- PROBLEM DETAILS
Return the data exactly, without pictures.

- MATERIAL PROVIDED
____

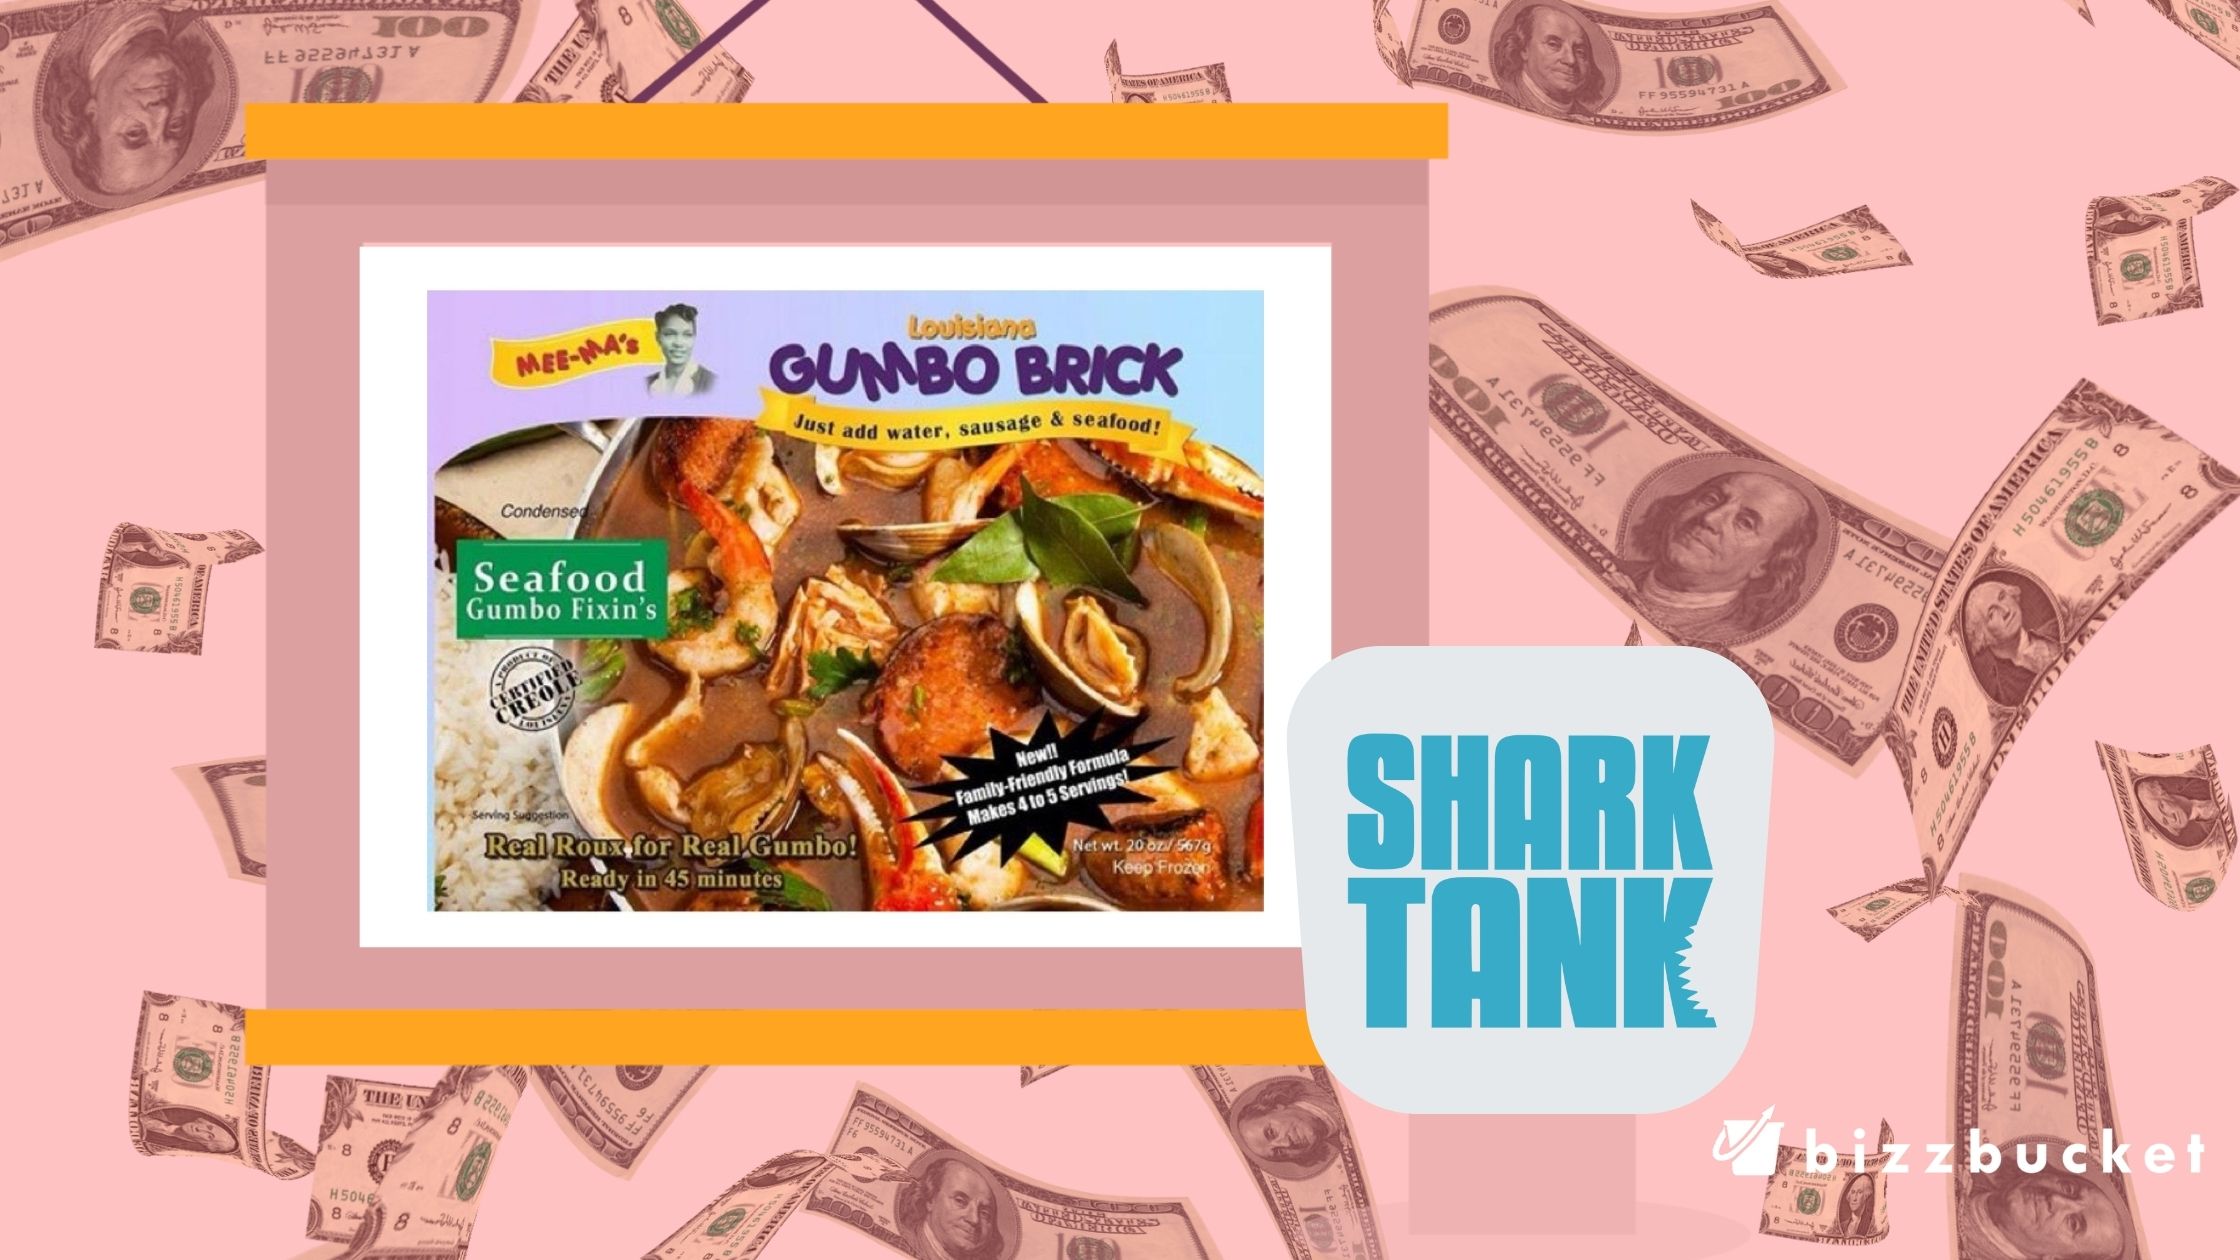 Mee-Ma’s Louisiana Gumbo brick shark tank update
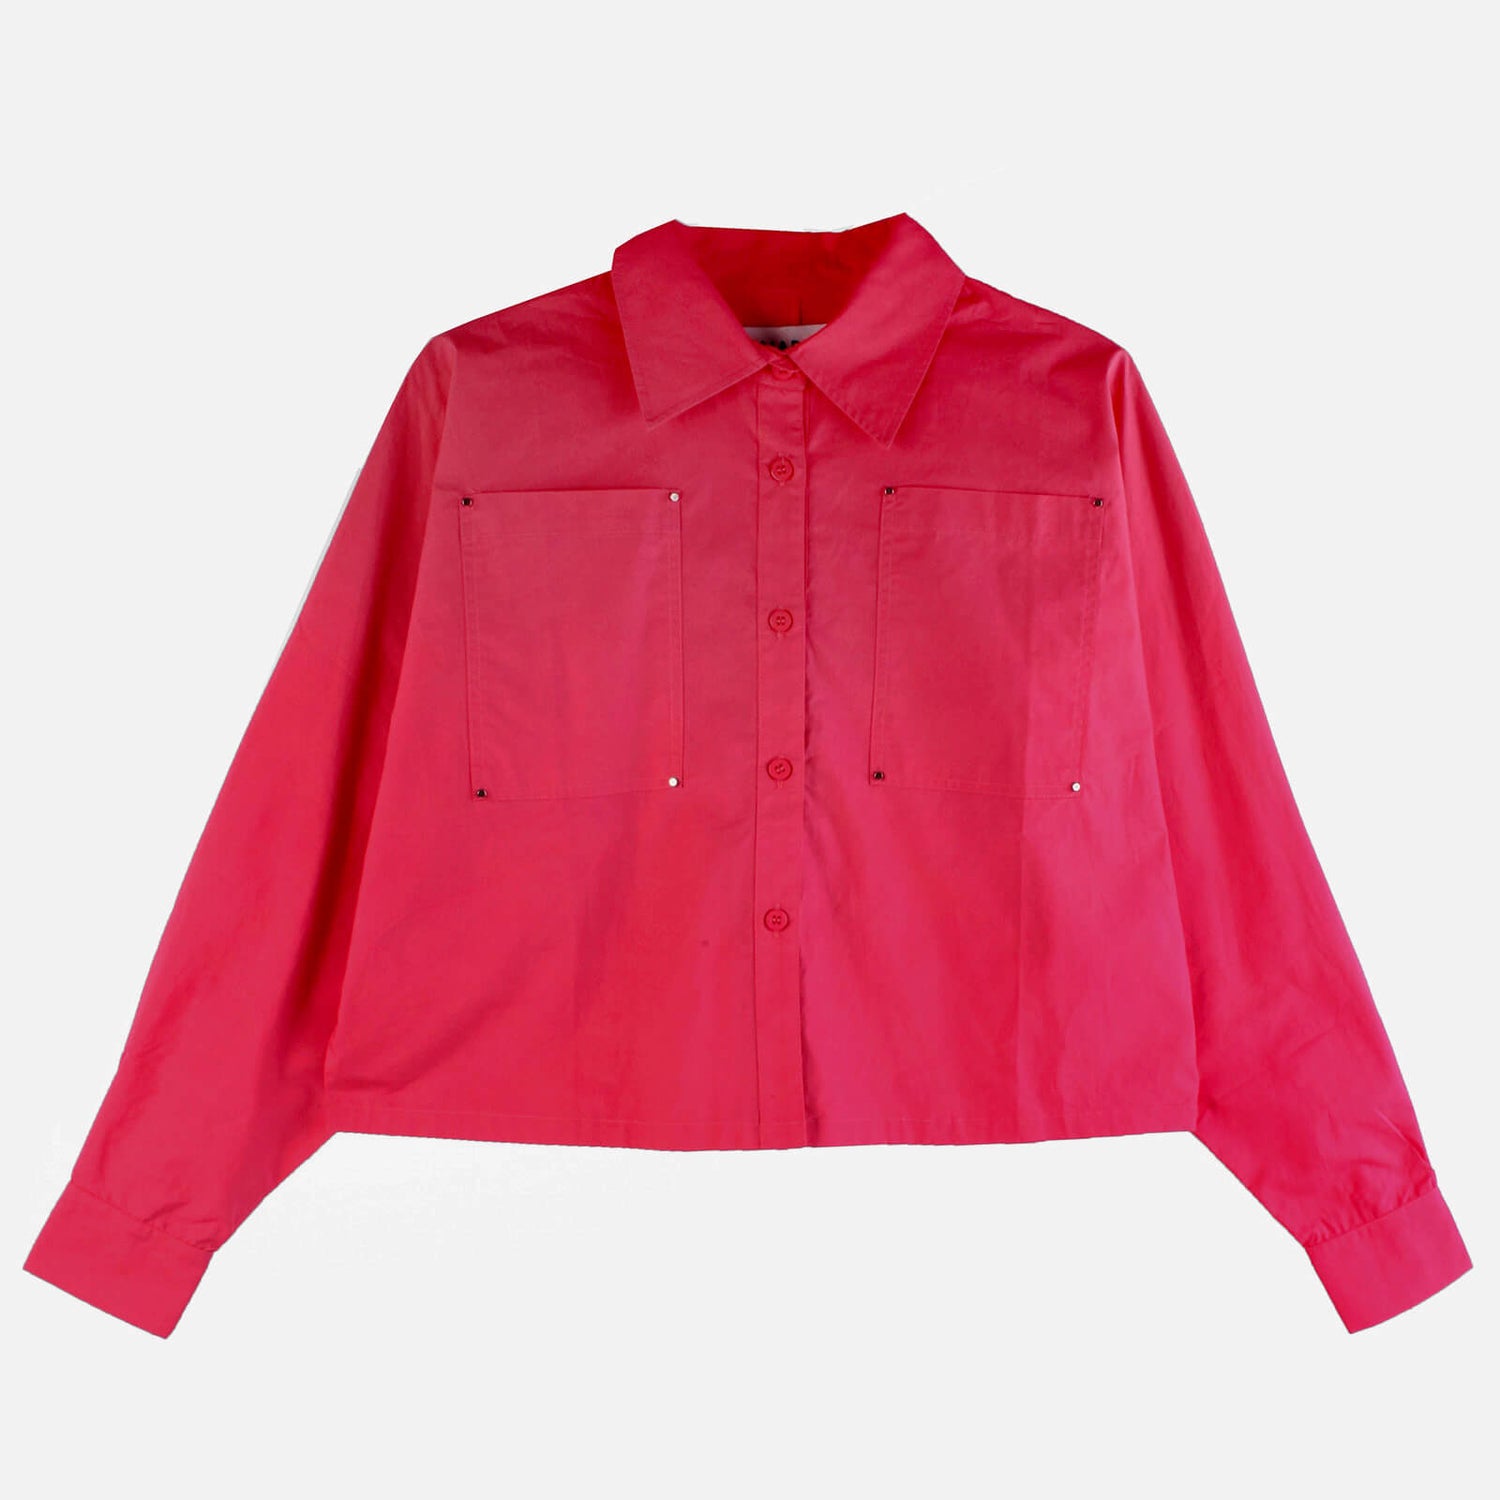 L.F Markey Women's Lennox Shirt - Fuchsia - UK 8
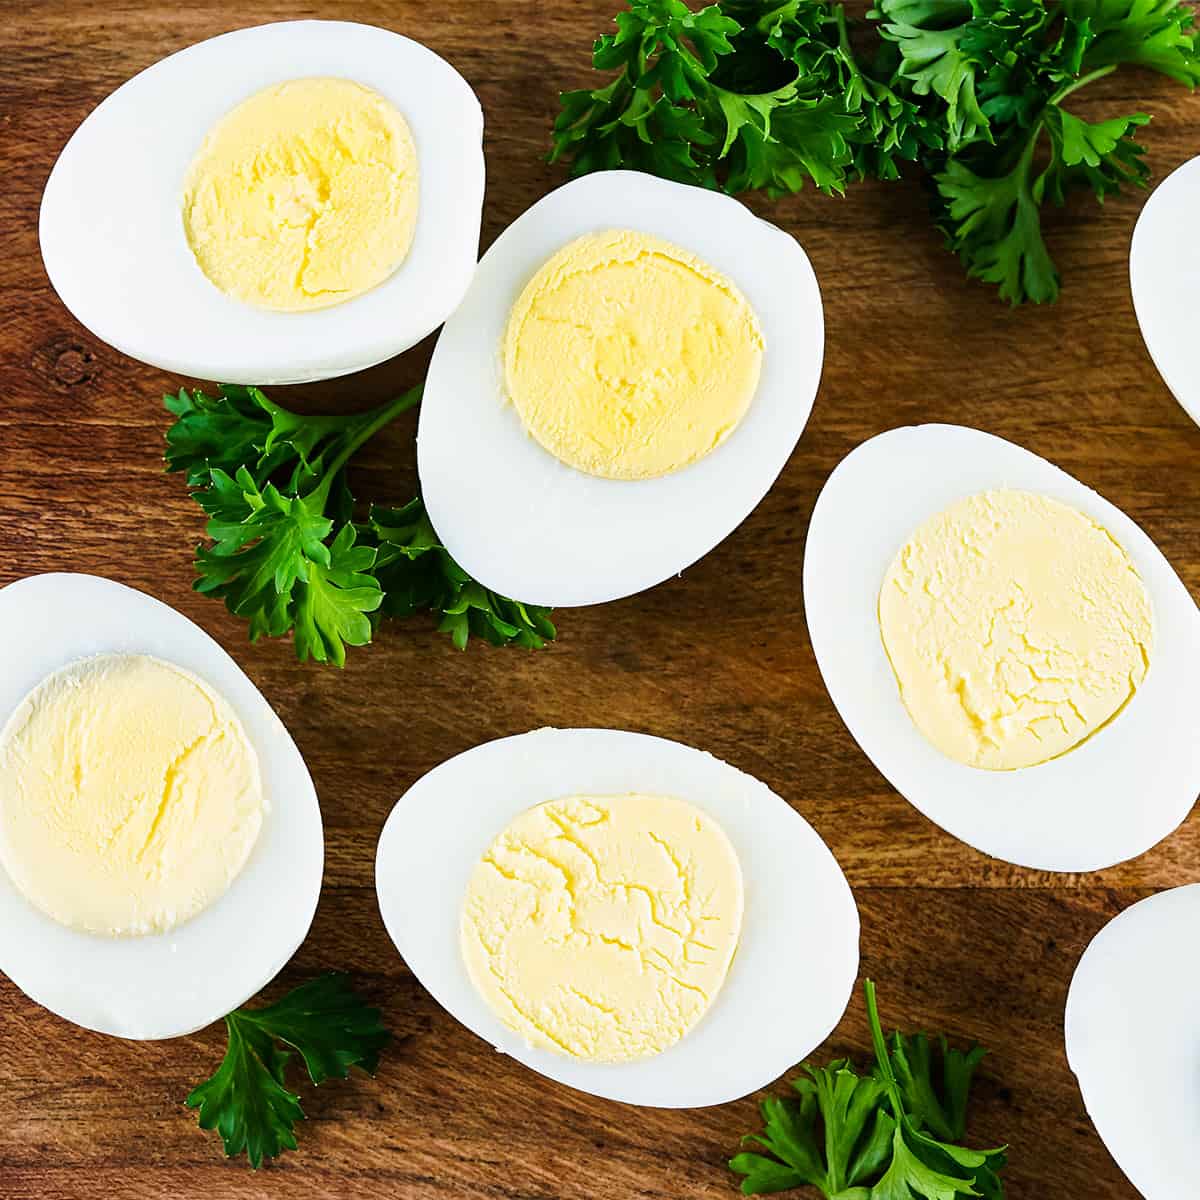 https://sundaysuppermovement.com/wp-content/uploads/2020/03/instant-pot-hard-boiled-eggs-featured.jpg

____

- RESPONSE FOR THIS EXERCISE
 Mee-Ma’s Louisiana Gumbo brick shark tank update
 L.F Markey Women's Lennox Shirt - Fuchsia - UK 8
 https://sundaysuppermovement.com/wp-content/uploads/2020/03/instant-pot-hard-boiled-eggs-featured.jpg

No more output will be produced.